Type 'help;' or '\h' for help. Type '\c' to clear the current input statement.
mysql 5.7 > CREATE DATABASE e;
Query OK, 1 row affected (0,03 sec)
mysql 5.7 > USE e
Database changed
mysql 5.7 > create table TEST_NUMBERS (
-> value integer
-> );
Query OK, 0 rows affected (0,86 sec)
mysql 5.7 > INSERT INTO TEST_NUMBERS VALUES (1);
Query OK, 1 row affected (0,13 sec)
mysql 5.7 > INSERT INTO TEST_NUMBERS VALUES (2);
Query OK, 1 row affected (0,39 sec)
mysql 5.7 > INSERT INTO TEST_NUMBERS VALUES (3);
Query OK, 1 row affected (0,13 sec)
mysql 5.7 > INSERT INTO TEST_NUMBERS VALUES (4);
Query OK, 1 row affected (0,13 sec)
mysql 5.7 > INSERT INTO TEST_NUMBERS VALUES (5);
Query OK, 1 row affected (0,14 sec)
mysql 5.7 > INSERT INTO TEST_NUMBERS VALUES (6);
Query OK, 1 row affected (0,13 sec)
mysql 5.7 > INSERT INTO TEST_NUMBERS VALUES (7);
Query OK, 1 row affected (0,13 sec)
mysql 5.7 > INSERT INTO TEST_NUMBERS VALUES (8);
Query OK, 1 row affected (0,14 sec)
mysql 5.7 > INSERT INTO TEST_NUMBERS VALUES (9);
Query OK, 1 row affected (0,11 sec)
mysql 5.7 > SELECT
-> hex(uncompress(concat(unhex('0000000'), substring(compress(unhex('65792F81F95AD61F1A25')), 5))));
+--------------------------------------------------------------------------------------------------+
| hex(uncompress(concat(unhex('0000000'), substring(compress(unhex('65792F81F95AD61F1A25')), 5)))) |
+--------------------------------------------------------------------------------------------------+
| NULL |
+--------------------------------------------------------------------------------------------------+
1 row in set, 1 warning (0,00 sec)
mysql 5.7 > SHOW WARNINGS;
+---------+------+----------------------------+
| Level | Code | Message |
+---------+------+----------------------------+
| Warning | 1259 | ZLIB: Input data corrupted |
+---------+------+----------------------------+
1 row in set (0,00 sec)
mysql 5.7 > SELECT
-> hex(uncompress(concat(unhex('0900000'), substring(compress(unhex('65792F81F95AD61F1A25')), 5))));
+--------------------------------------------------------------------------------------------------+
| hex(uncompress(concat(unhex('0900000'), substring(compress(unhex('65792F81F95AD61F1A25')), 5)))) |
+--------------------------------------------------------------------------------------------------+
| 65792F81F95AD61F1A25 |
+--------------------------------------------------------------------------------------------------+
1 row in set (0,00 sec)
[14 Nov 2018 12:38]
MySQL Verification Team
Hi, The length prefix is required for the uncompressing function to know how much memory is required for the uncompressed data.
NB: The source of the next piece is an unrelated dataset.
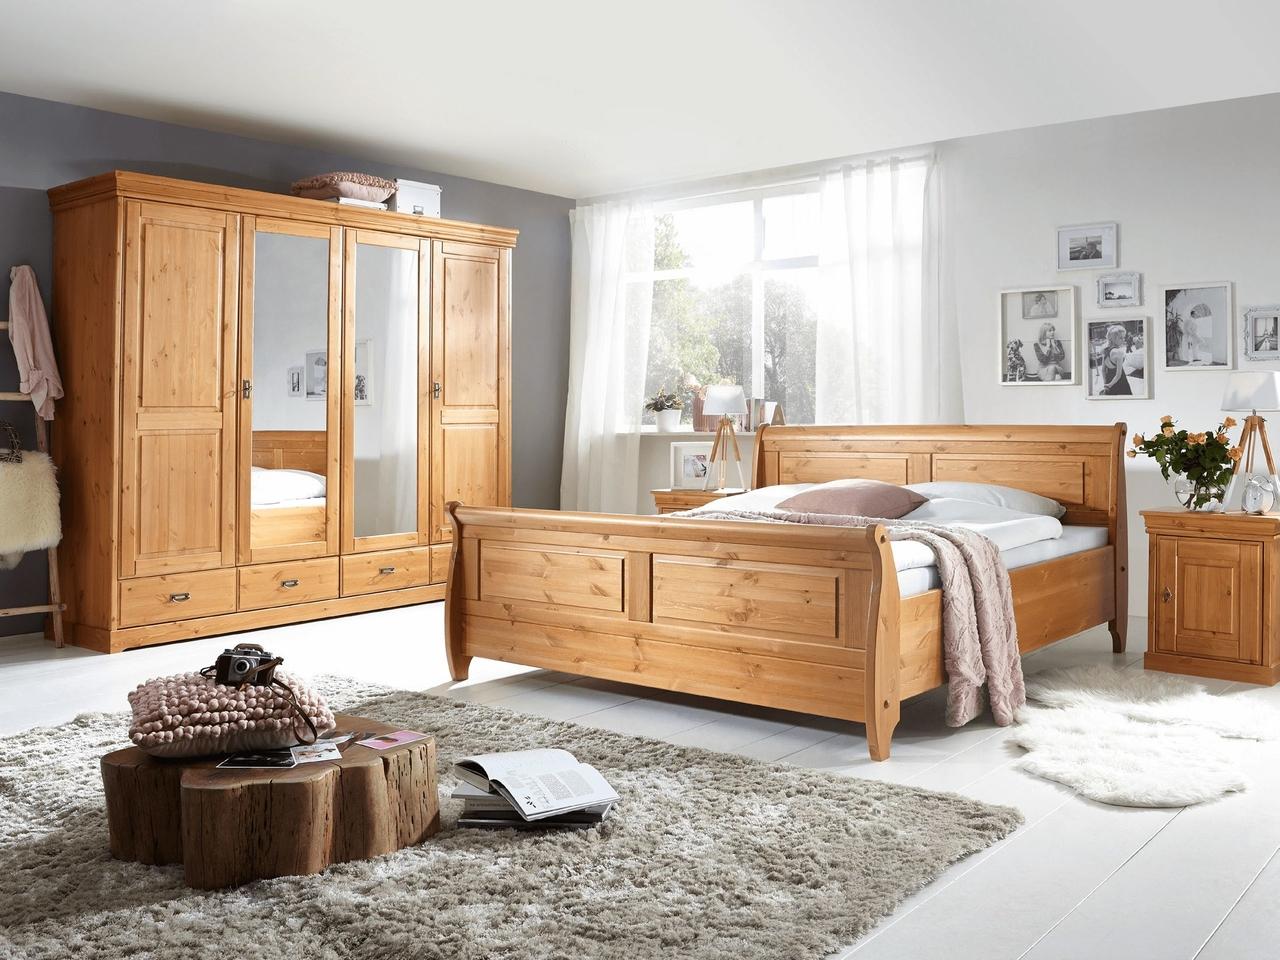 Schlafzimmer Mette Komplettset Landhausstil Kiefer massiv

That is how it functions. All that we can do is to document that fact.
[15 Dec 2018 1:00]
Bugs System
No feedback was provided for this bug for over a month, so it is being suspended automatically. If you are able to provide the information that was originally requested, please do so and change the status of the bug back to "Open".

Description: The UNCOMPRESS function is perfectly capable of unzipping blobs of data put into a table by Python's zlib.compress() function, except for those first four bytes containing the little-endian `length` of the uncompressed string. I do not know what role the `length` plays while decompressing, but it is preventing me from accessing the uncompressed values! How to repeat: For some reason, this works on every example I have so far: select id, length(`blob`) `length`, coalesce( uncompress(concat(unhex('0900000'), `blob`)) ) `bytes` from job_artifact Mind you, I only have 34K examples, and none very big. Suggested fix: Please have UNCOMPRESS ignore those first four bytes so magic number 9 is not needed.